1. An event-related potential signal classification method based on a CNN-SVM is characterized by comprising the following steps of:

and step 3: the user focuses on the specified character, with x + y randomly highlighted rows or columns containing the desired character; when the row or column containing the character is highlighted, the user is asked to respond to the stimulus, which will generate a P300 signal; when the row or column not containing the character is highlighted, the user does not respond and generates a non-P300 signal;

and 4, step 4: filtering the acquired P300 signal sample and non-P300 signal sample by a band-pass filter to prepare a data set with a label, and dividing the data set into a training set, a verification set and a test set;

and 7: inputting a training set, a verification set and a test set into the trained convolutional neural network, and outputting the down-sampling layer characteristics of the network, wherein the characteristics corresponding to the training set and the verification set are training characteristics, and the characteristics corresponding to the test set are test characteristics;

and step 8: completing the training of a support vector machine model by using training characteristics, and acquiring optimal parameter values by adopting gridding search;

and step 9: and inputting the test features into a trained support vector machine model to perform identification and classification of ERP signals, and detecting the classification performance of a convolutional neural network and support vector machine mixed model, wherein the convolutional neural network and support vector machine mixed model is used for online identification of the ERP signals.

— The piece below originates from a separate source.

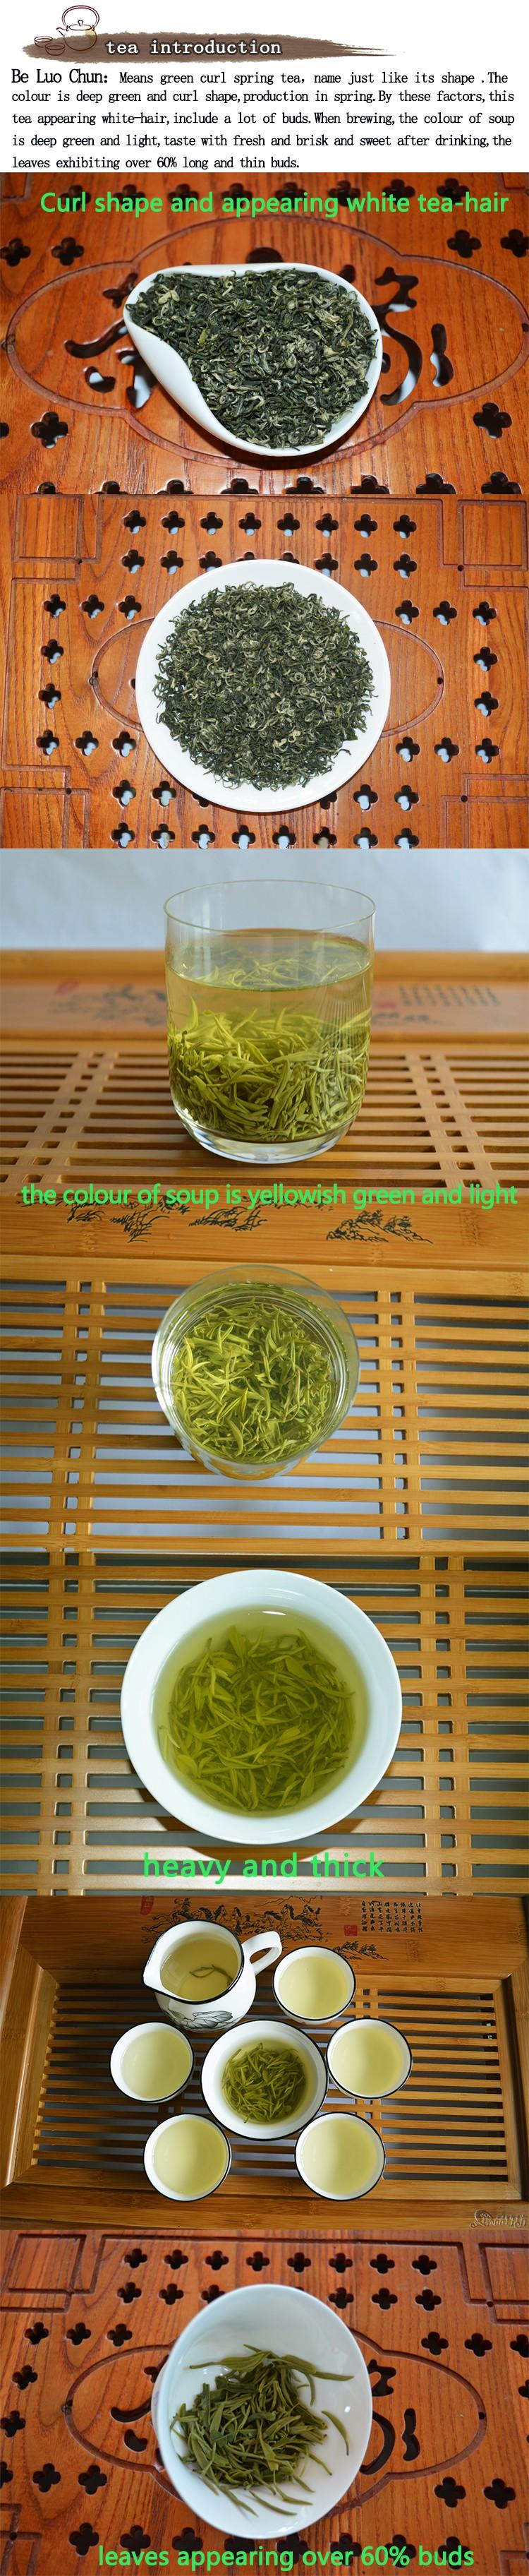 зеленый чай 100 гр фото

2. The event-related potential signal classification method based on the CNN-SVM as claimed in claim 1, wherein the convolutional neural network model in step 5 specifically comprises:

the second and third layers of the convolutional neural network model are convolutional layers, and the convolutional layer of the second layer is convolutional layer ₂ For time-domain convolution of input ERP signal, a third layer of convolution layer ₃ The convolution function is used for performing space domain convolution on the output of the previous layer;

3. The event-related potential signal classification method based on the CNN-SVM as claimed in claim 1, wherein: in the step 8, the RBF kernel function is selected by the kernel function of the support vector machine model, and the optimal parameters C and gamma are automatically matched by adopting a grid search cross validation method.